(What is required): The expected result is the full listing, retyped exactly, without a single picture.

START Provided data

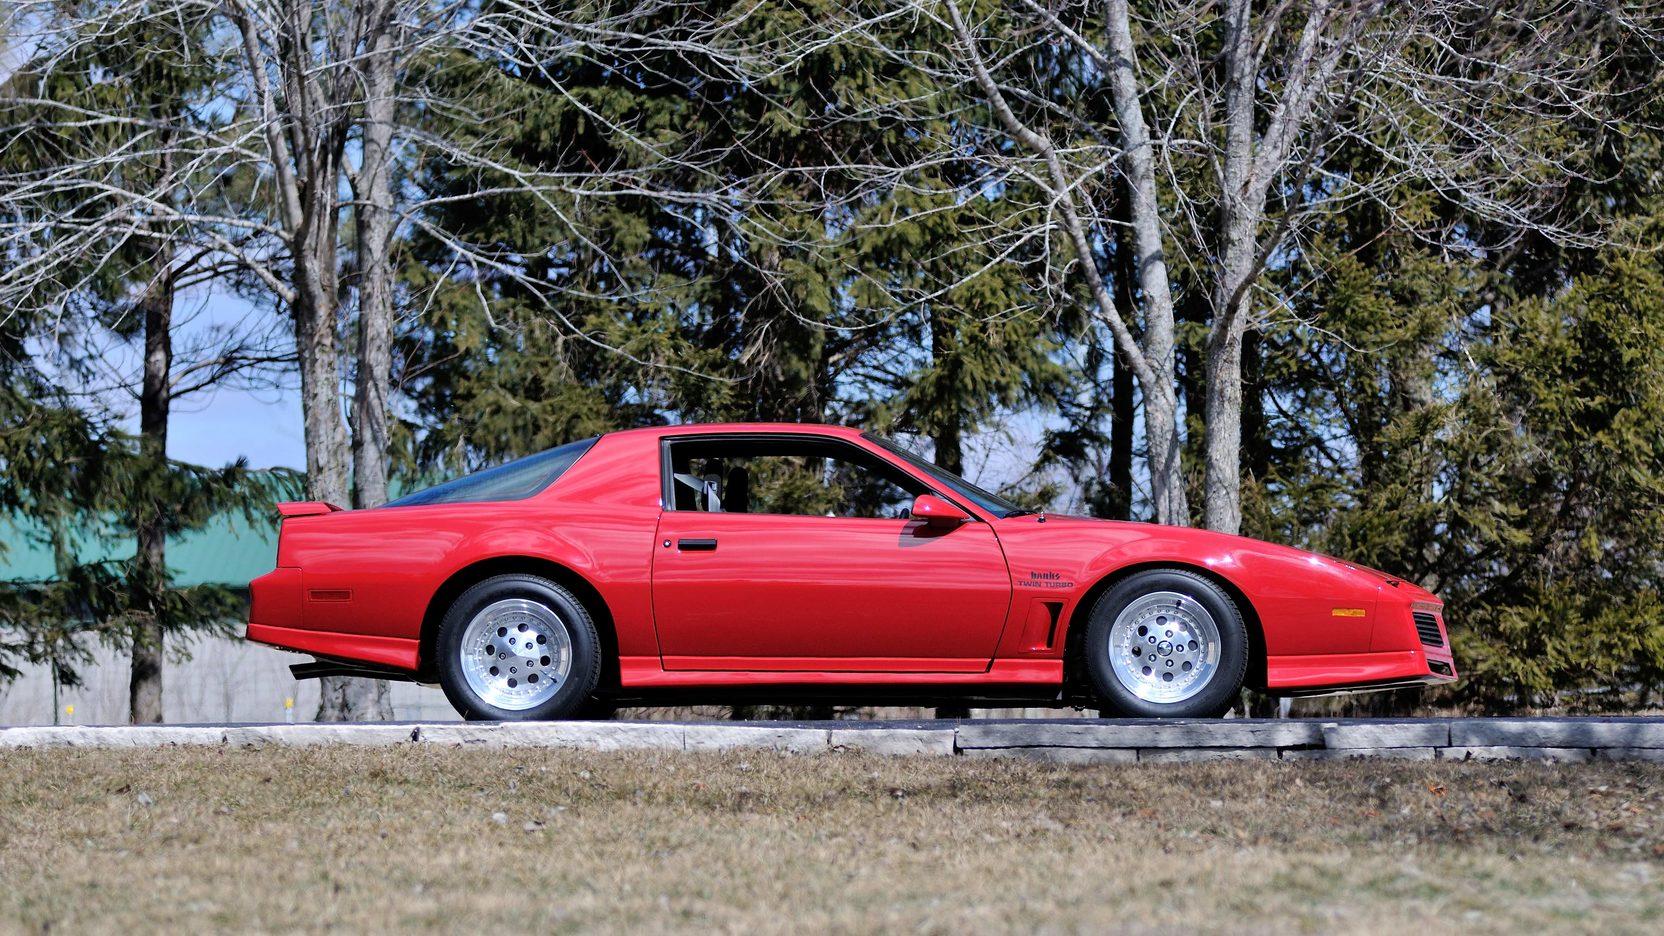 1982 Pontiac Trans Am profile
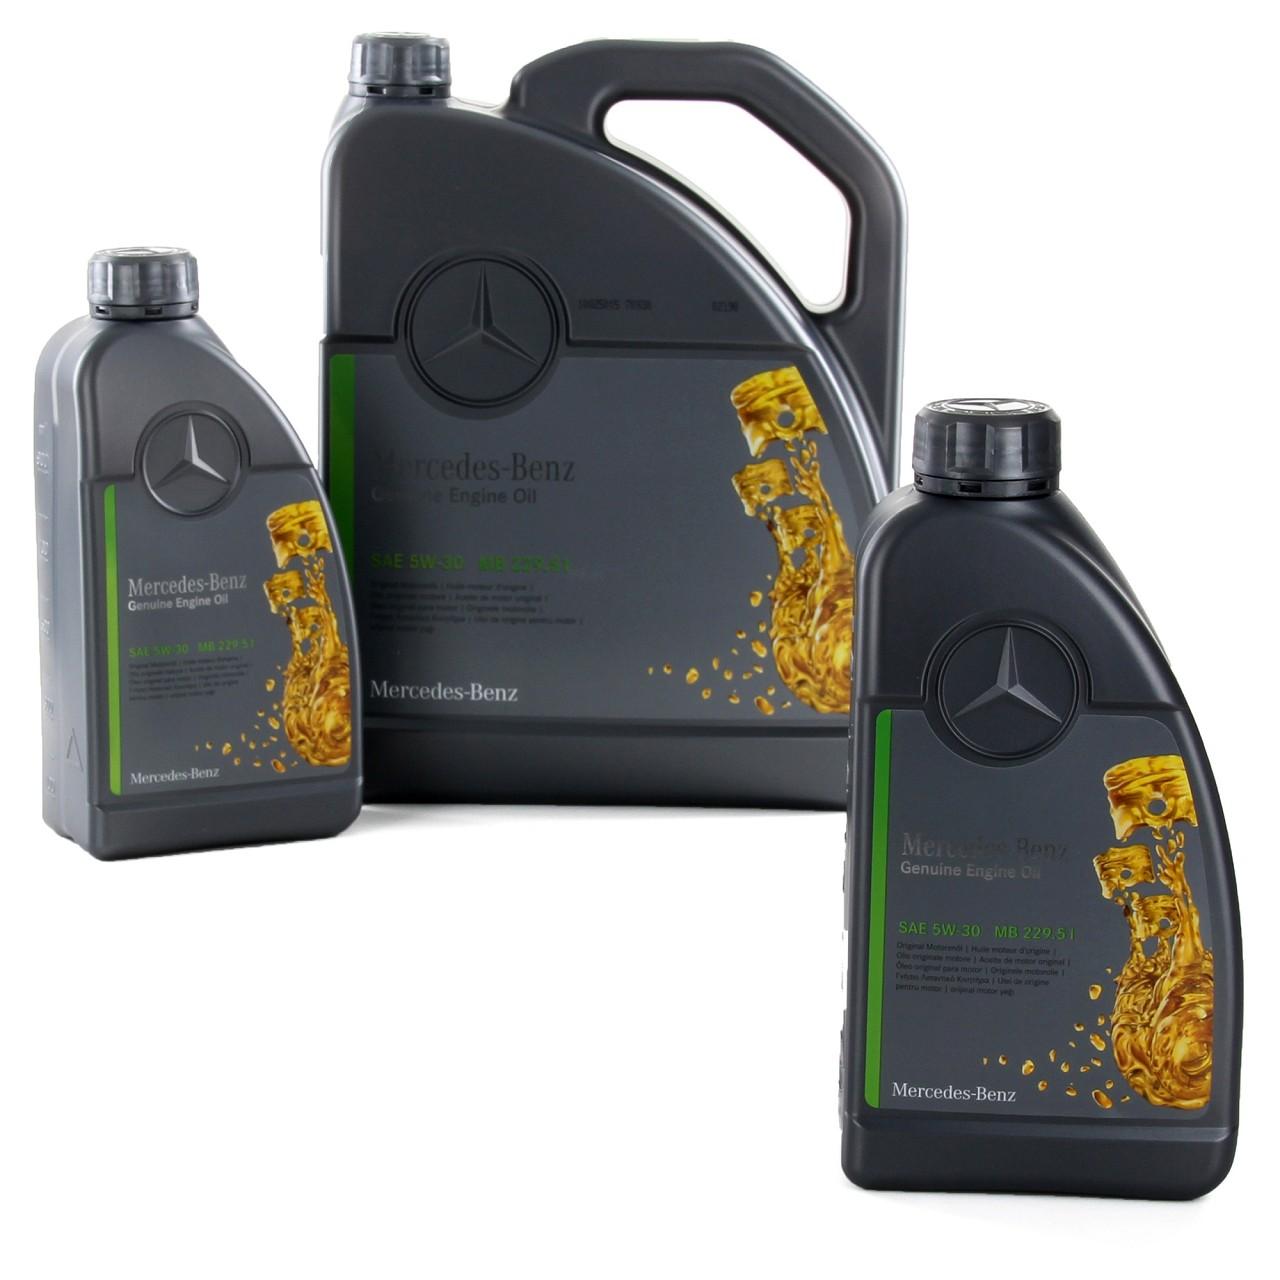 ORIGINAL Mercedes-Benz Motoröl Öl 5W-30 MB 229.51 7L 7 Liter 0009899402
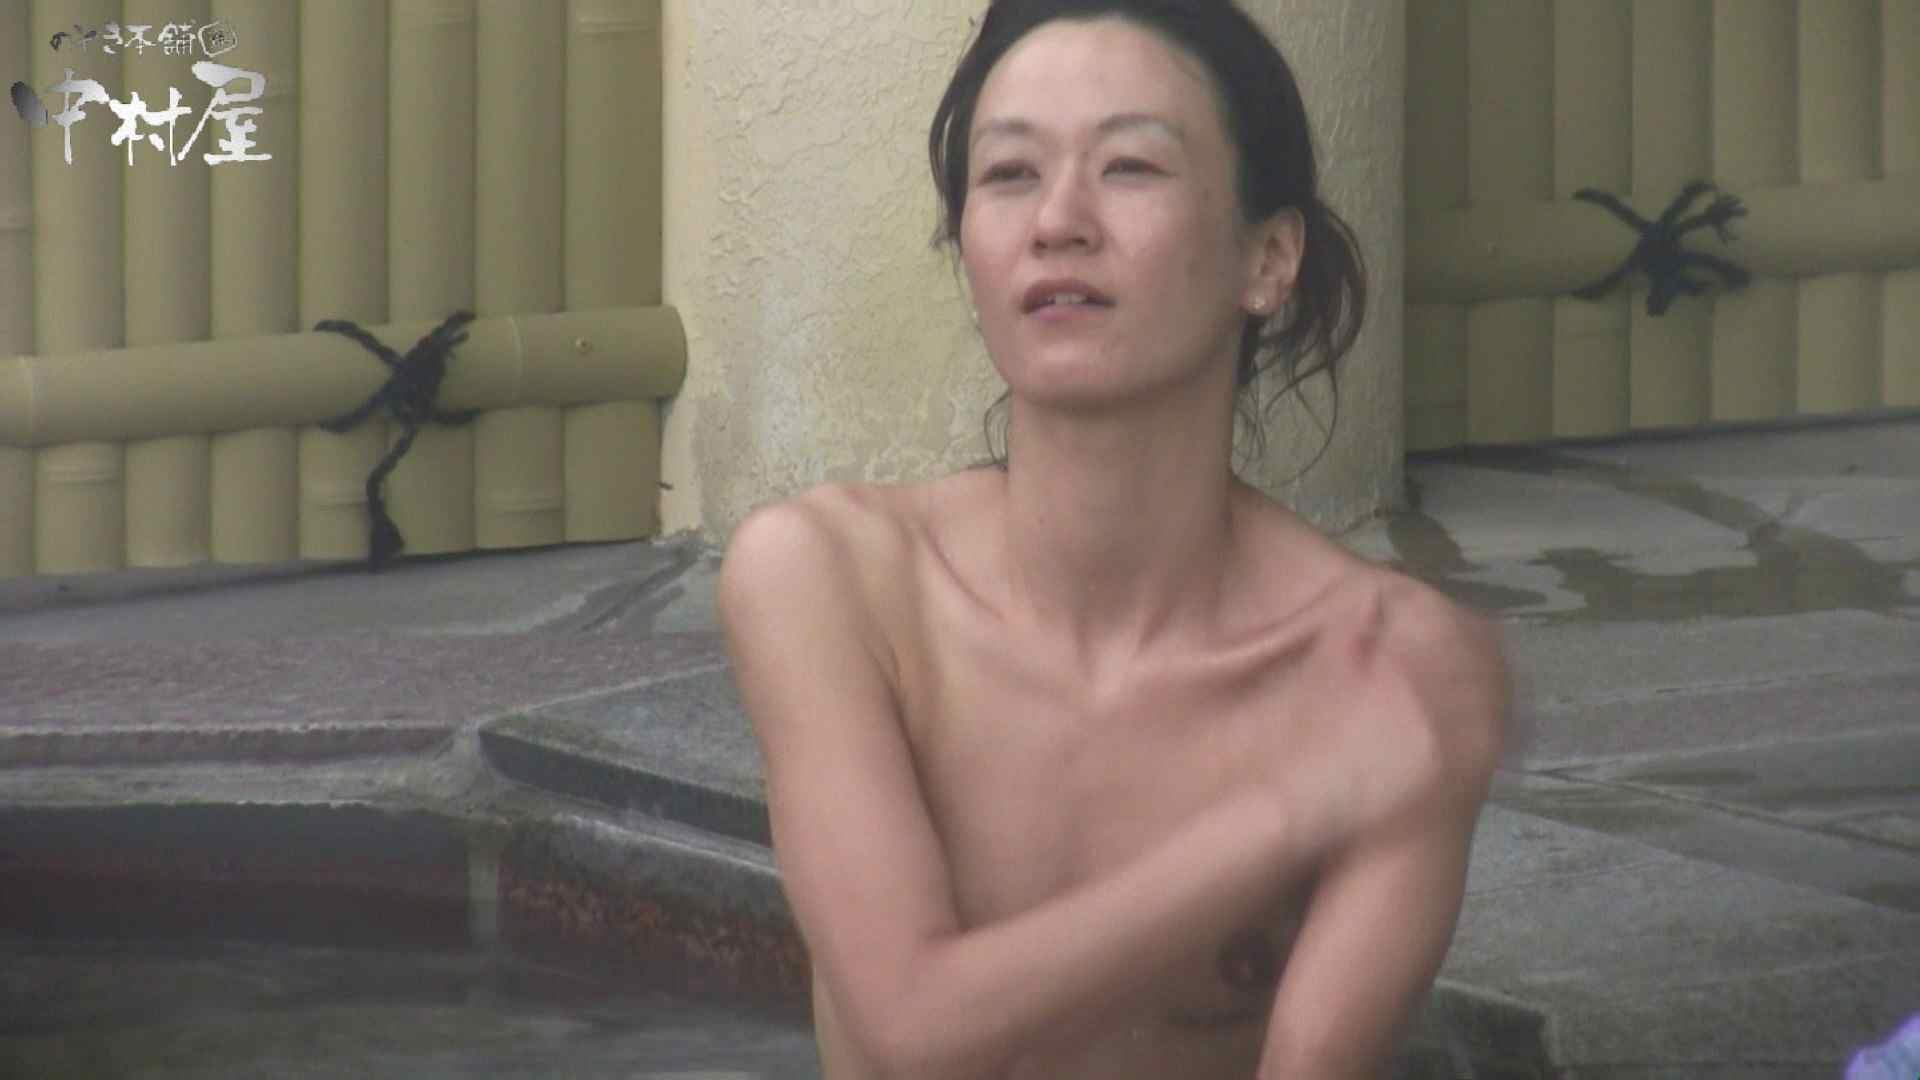 Aquaな露天風呂Vol.928 露天風呂突入 | 盗撮師作品  72pic 40
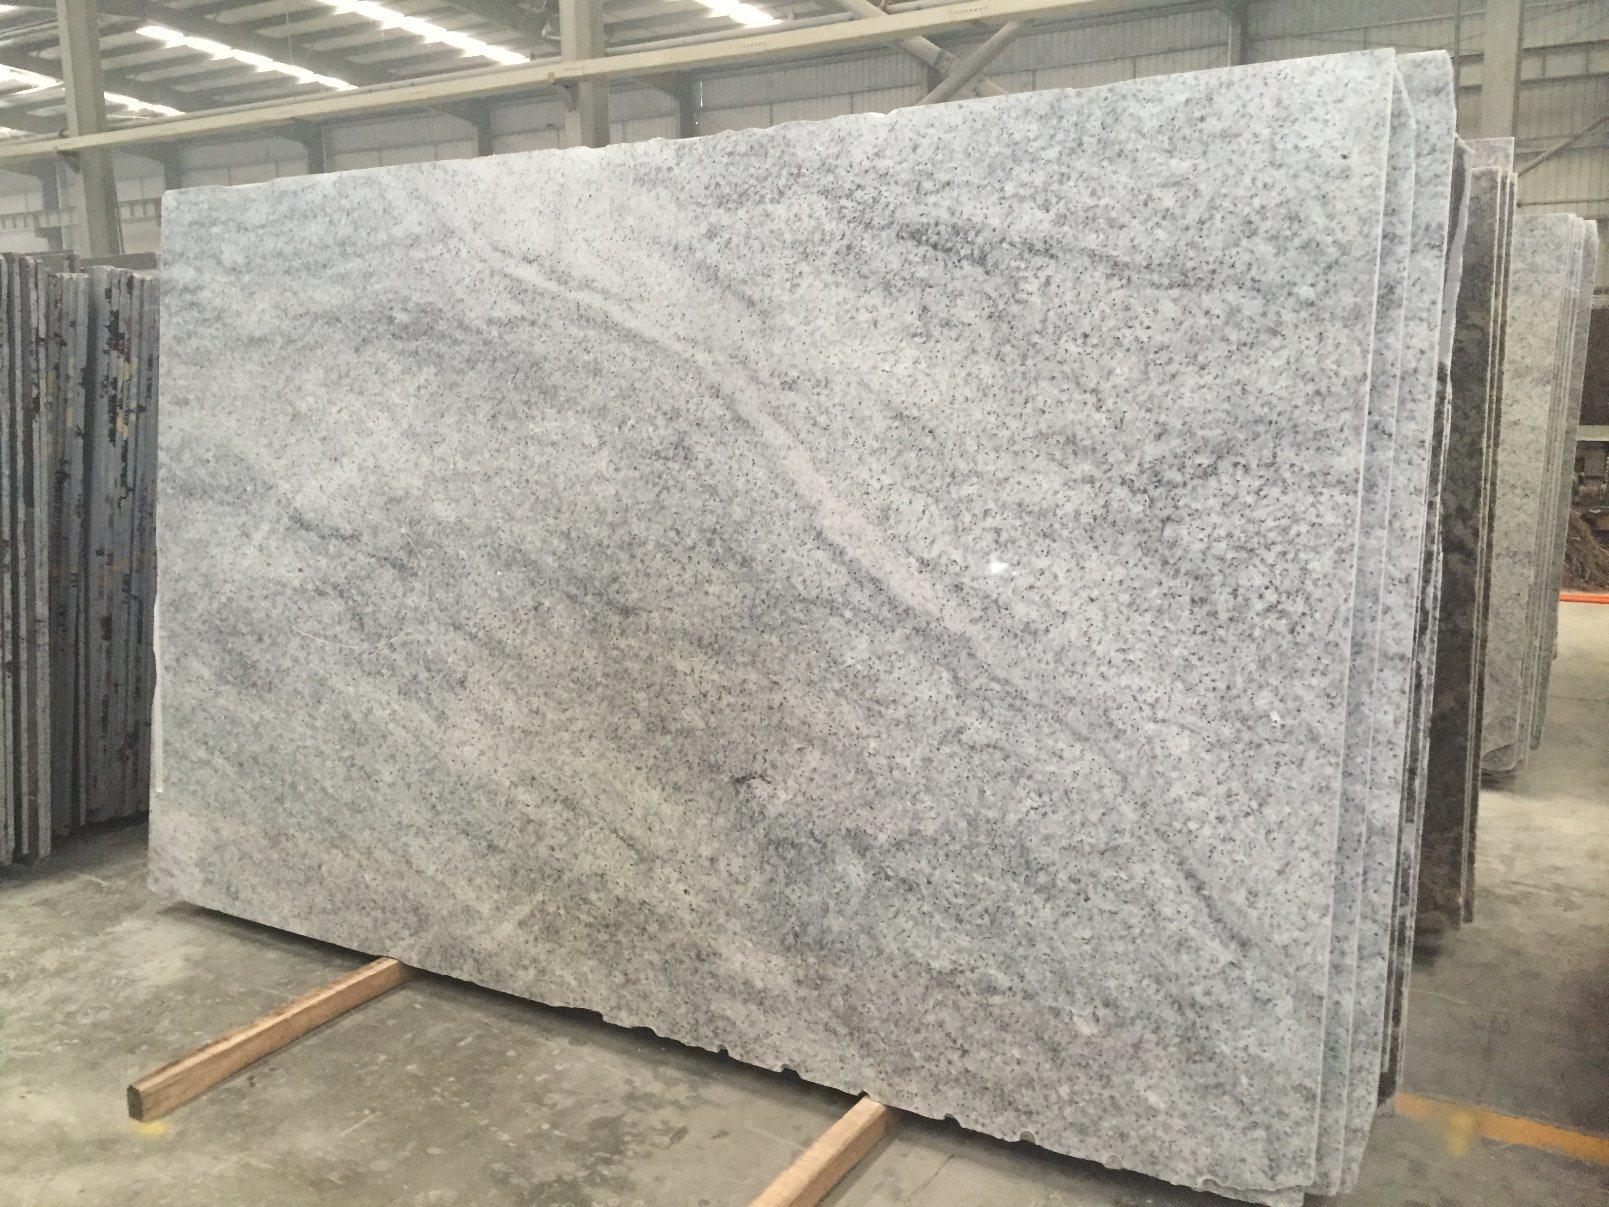 China Natural Stone Floor Wall Tiles Swan White Granite China Polished Surface Honed Surface

END Provided data

(Your response):
 1982 Pontiac Trans Am profile
 ORIGINAL Mercedes-Benz Motoröl Öl 5W-30 MB 229.51 7L 7 Liter 0009899402
 Aquaな露天風呂Vol.928 露天風呂突入 | 盗撮師作品  72pic 40
 China Natural Stone Floor Wall Tiles Swan White Granite China Polished Surface Honed Surface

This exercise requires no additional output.